### Data for analysis
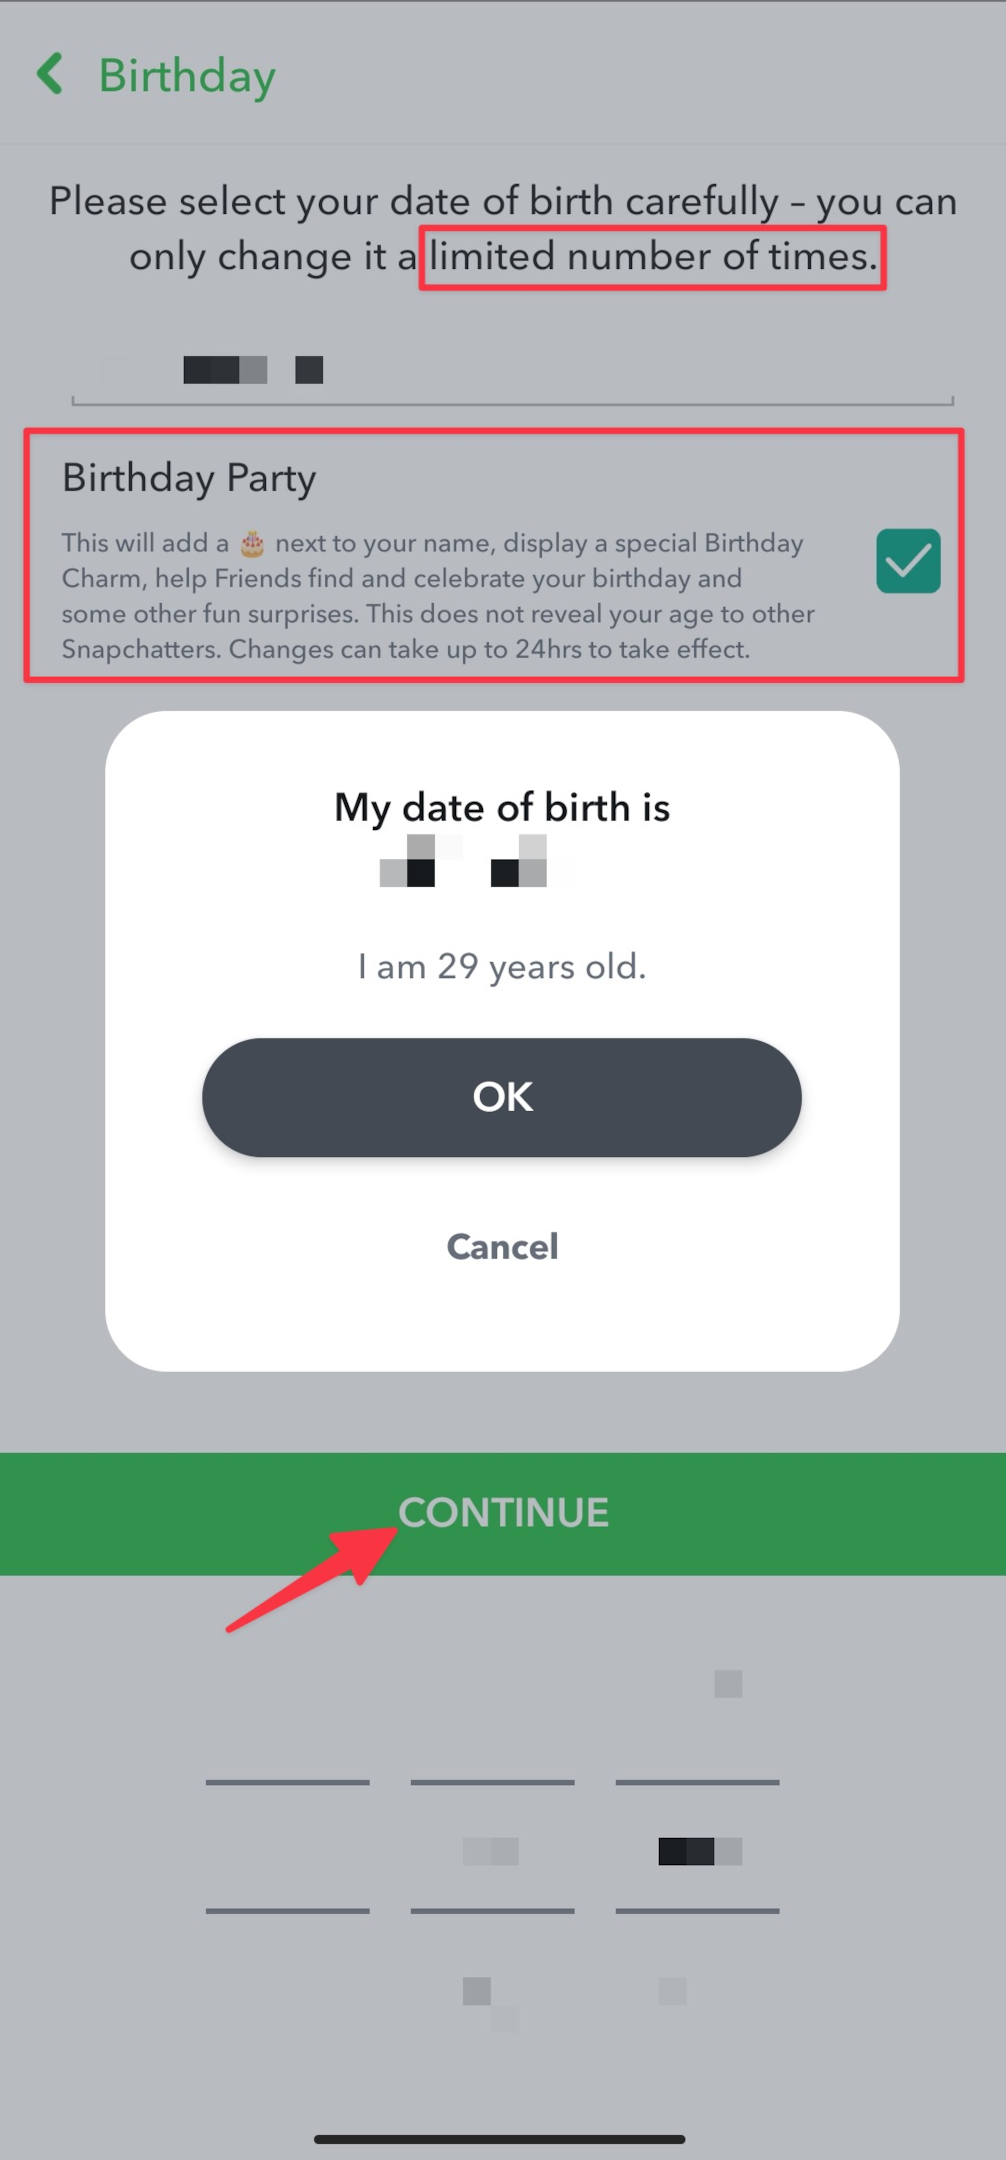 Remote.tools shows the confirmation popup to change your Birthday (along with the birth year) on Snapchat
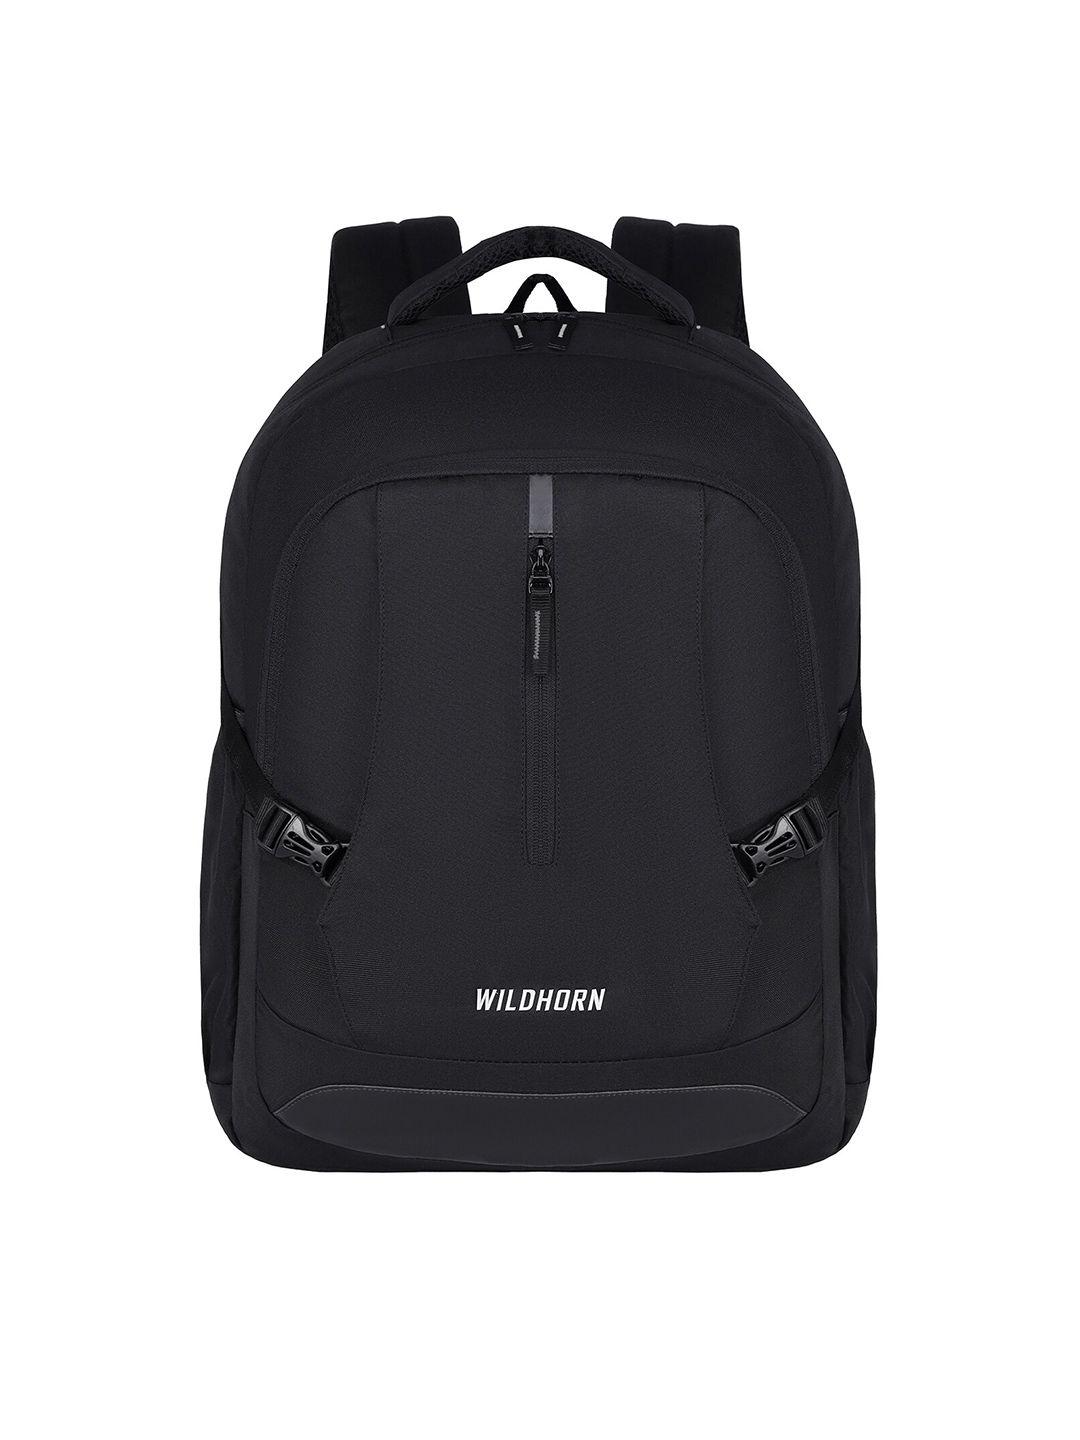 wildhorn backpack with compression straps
==
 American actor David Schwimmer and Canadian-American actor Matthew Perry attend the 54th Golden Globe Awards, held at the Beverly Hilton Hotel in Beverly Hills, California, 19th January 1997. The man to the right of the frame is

### Work instructions
Reproduce the data above exactly, but only from the line containing "Remote.tools shows the" through the line containing "wildhorn backpack with compression straps". Omit all pictures.

### Task response
 Remote.tools shows the confirmation popup to change your Birthday (along with the birth year) on Snapchat
 wildhorn backpack with compression straps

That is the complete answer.